▸ **Exercise objective**: All of the listing must be given again exactly, except that the images are dropped.

-------- Available data --------

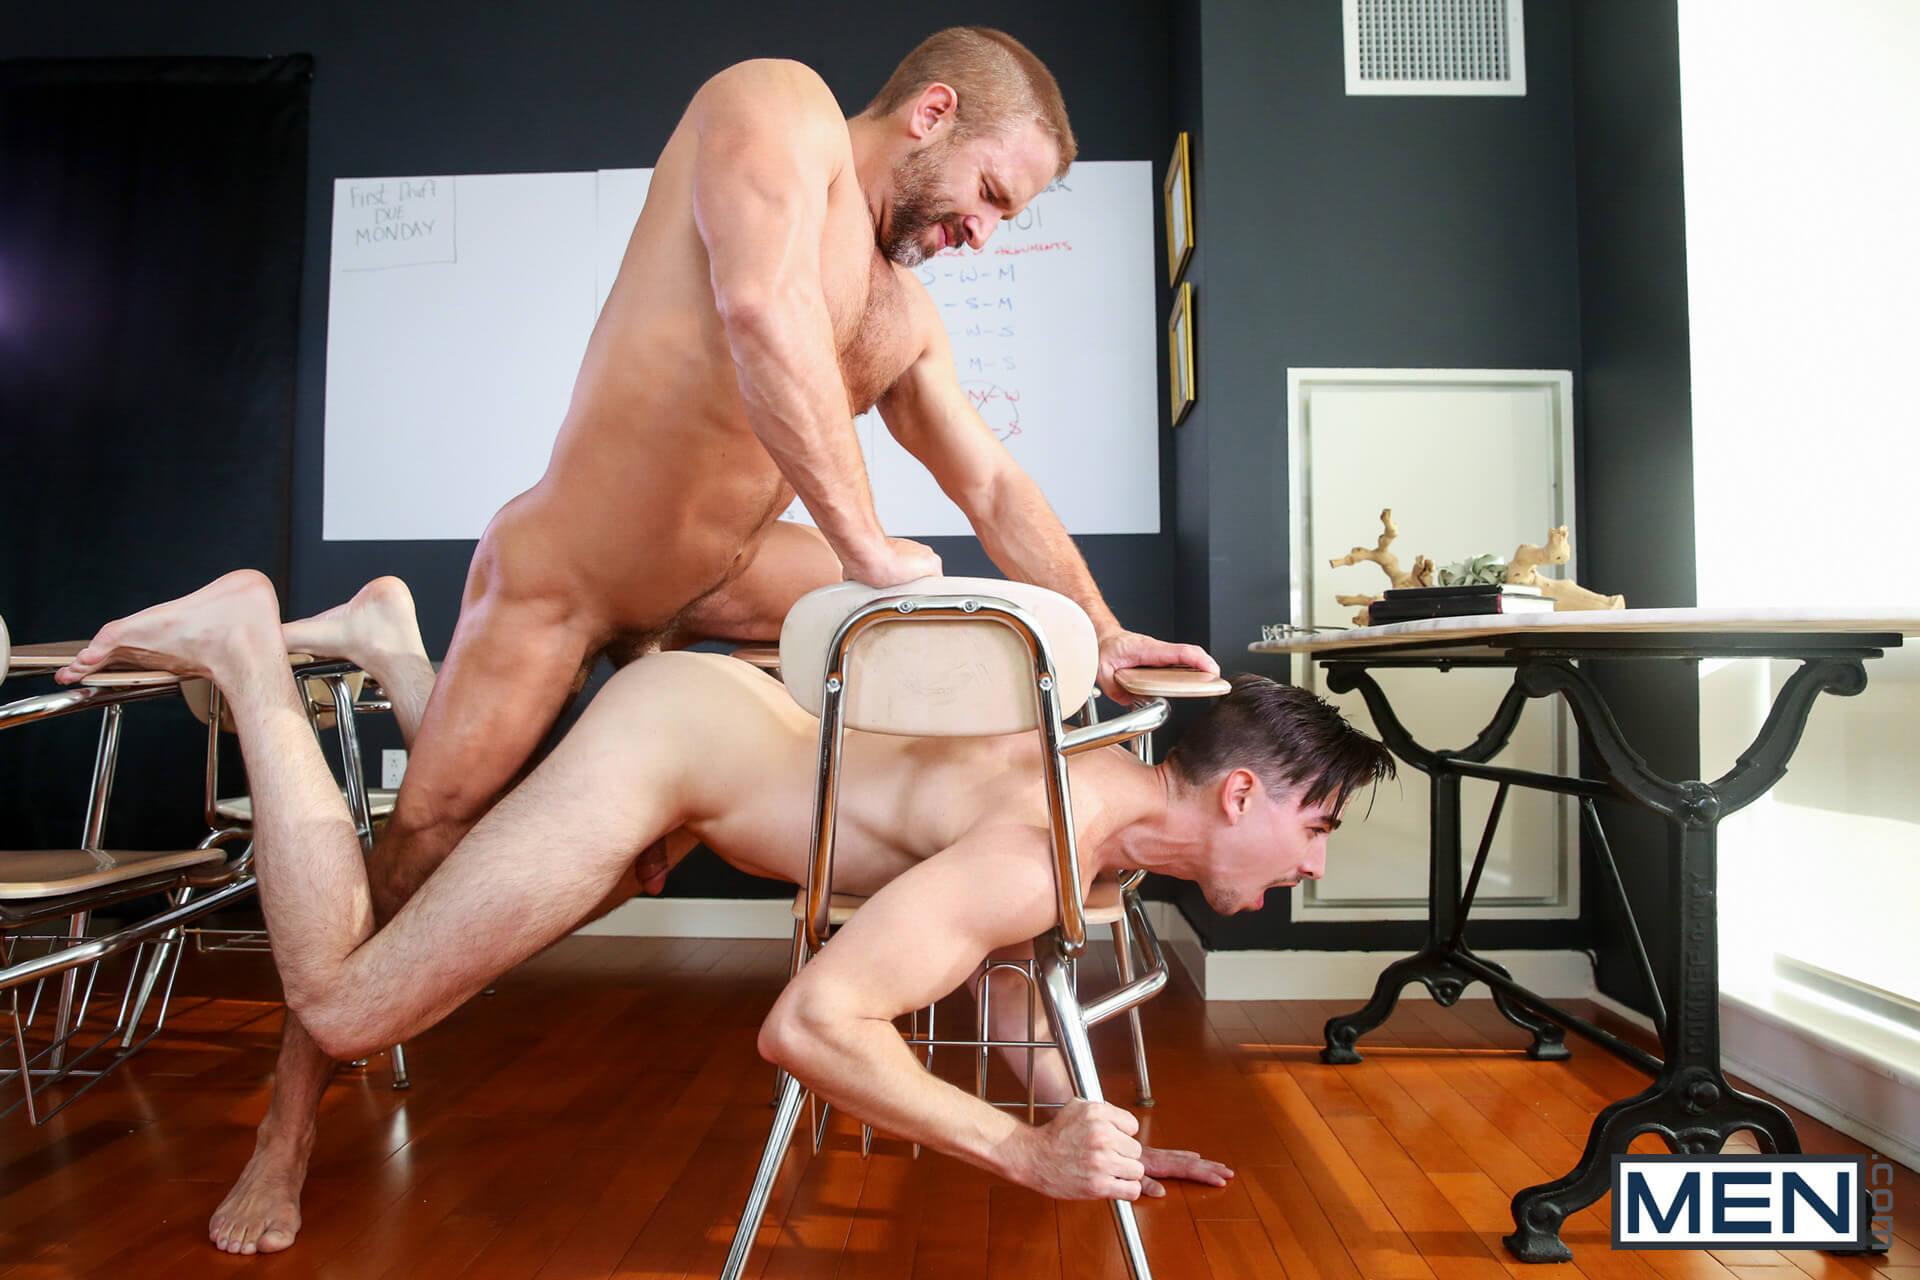 men big dicks at school straight a student part 3 dirk caber jack hunter gay porn blog image 21
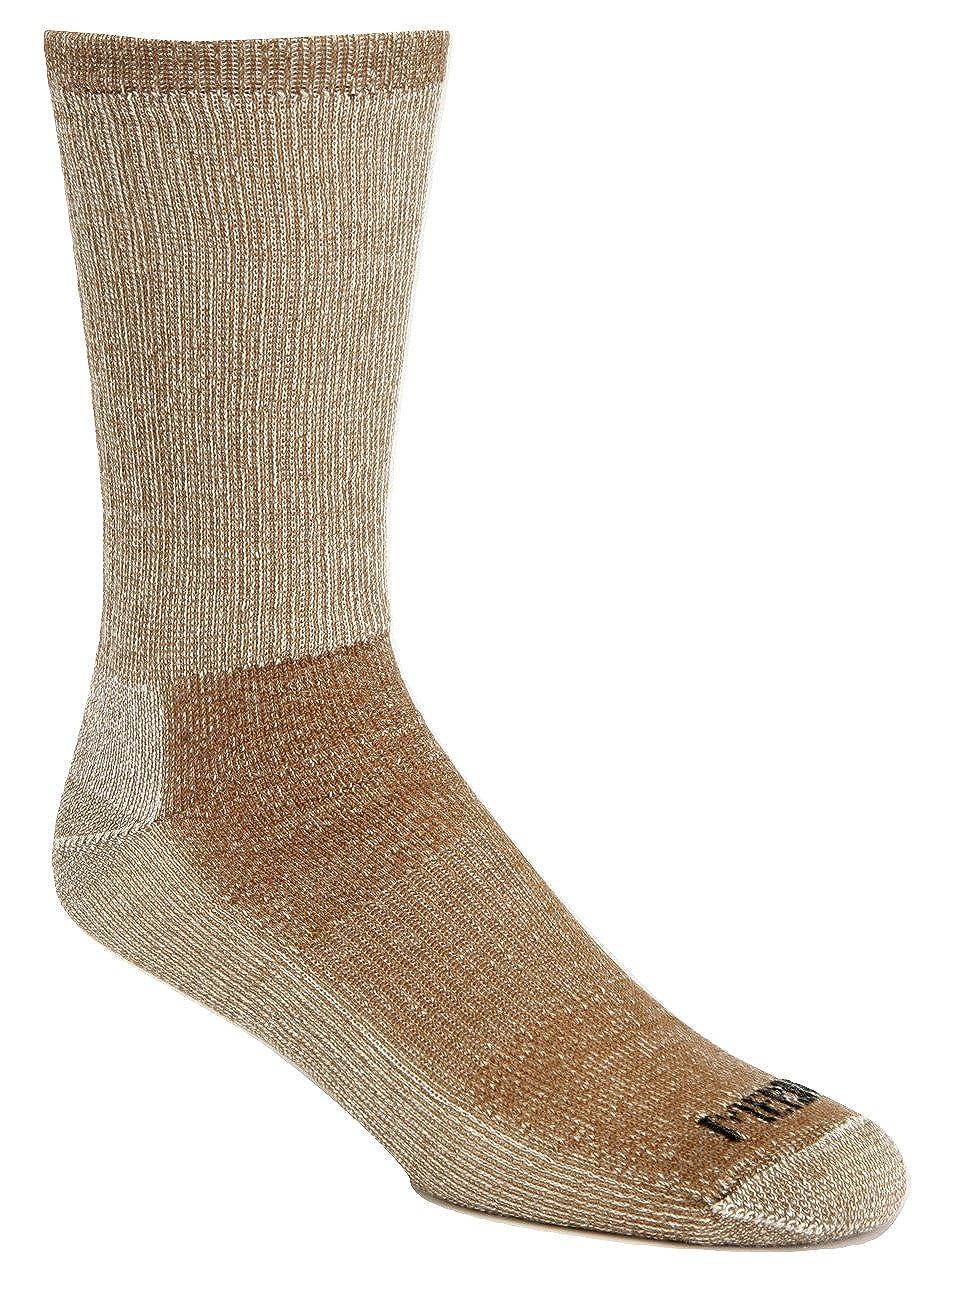 Super-wool Hiker GX Merino Wool Hiking Socks 3 Pairs
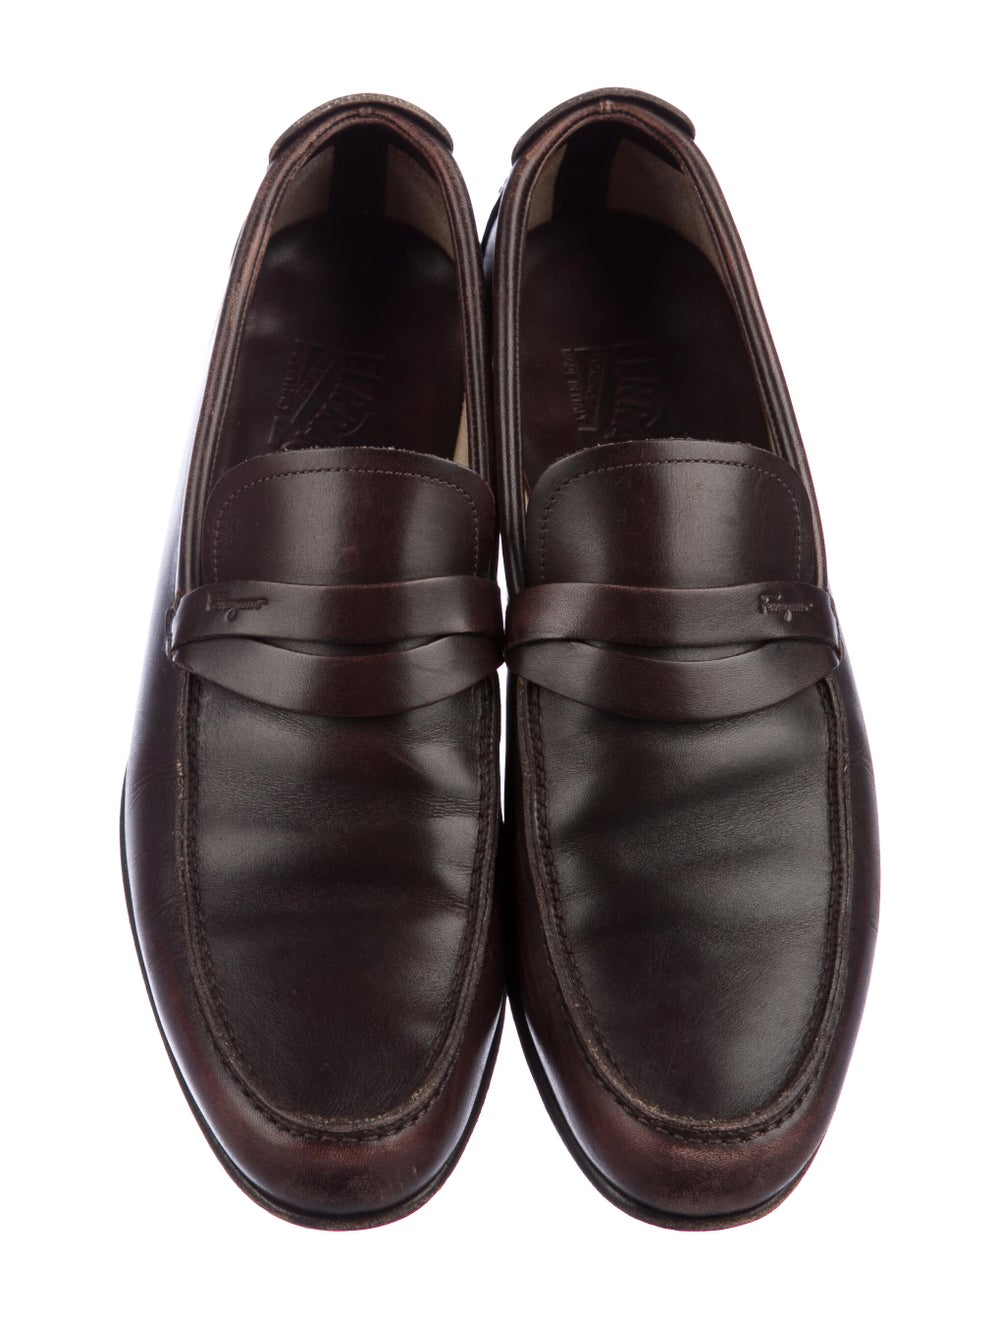 Salvatore Ferragamo Leather Penny Loafers - image 3

--------

▸ **Solution to this problem**:
 men big dicks at school straight a student part 3 dirk caber jack hunter gay porn blog image 21
 Super-wool Hiker GX Merino Wool Hiking Socks 3 Pairs
 Salvatore Ferragamo Leather Penny Loafers - image 3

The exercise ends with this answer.